Example code about how to extract several date and time features from datetime variables with feature-engine. It can answer following questions:
- How to directly read weather data from Canadian government website?
- How to randomly pick n rows from pandas data frame?
- How to extract all feature-engine supported date time features automatically?
- How to extract the most commonly used date time features automatically?
- How to extract your interest date time features?
import numpy as np
import pandas as pd
import matplotlib.pyplot as plt
from sklearn.model_selection import train_test_split
from feature_engine import transformation as vt
# create range of monthly dates
download_dates = pd.date_range(start='2019-01-01', end='2020-01-01', freq='MS')

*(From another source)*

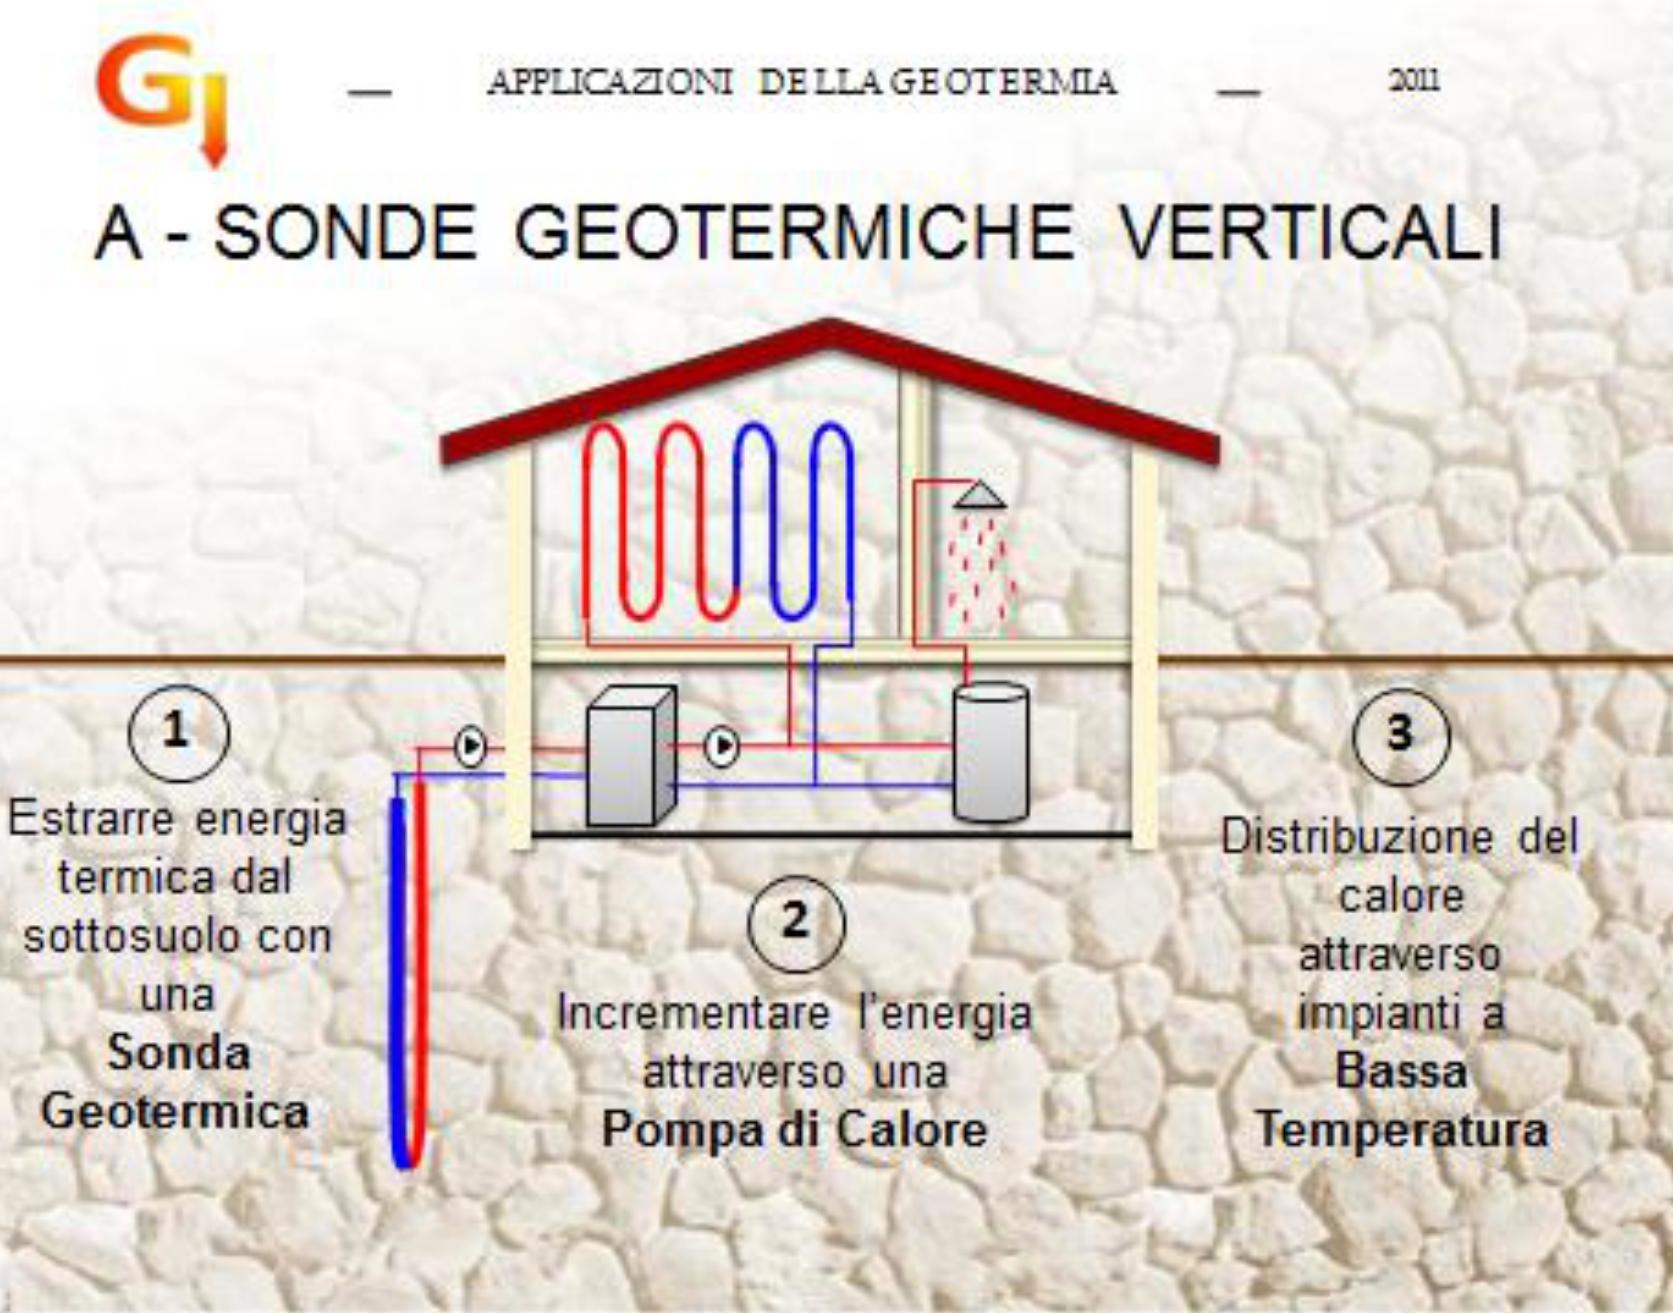 Pompa Di Calore Ventilconvettori le sonde geotermiche: quando e dove conviene installarle. i

# URL from Chrome DevTools Console
base_url = ("https://climate.weather.gc.ca/climate_data/bulk_data_e.html?format=csv&"
"stationID=51442&Year={}&Month={}&Day=7&timeframe=1&submit=Download+Data") # add format option to year and month
# create list of remote URL from base URL
list_of_url = [base_url.format(date.year, date.month) for date in download_dates]
# download and combine multiple files into one DataFrame
df = pd.concat((pd.read_csv(url) for url in list_of_url))
keepcolumns=['Station Name','Date/Time (LST)']
data=df[keepcolumns]
data=data.rename(columns={'Date/Time (LST)':'dt_var'})
data=data.sample(n=100)
How to extract all supported features automatically.
dfts = DatetimeFeatures(
variables=["dt_var"],
features_to_extract='all',
drop_original=False,
)
data_t = dfts.fit_transform(data)
How to extract the most common date and time features from one of the variables.
dfts = DatetimeFeatures(
variables=["dt_var"],
features_to_extract=None,
drop_original=False,
)
data_t = dfts.fit_transform(data)
How to extract your interesting date nd time features from one of the variables.
dfts = DatetimeFeatures(
variables=["dt_var"],
features_to_extract=["year", "month", "day_of_week","day_of_month","day_of_year"],
drop_original=False,
)
data_t = dfts.fit_transform(data)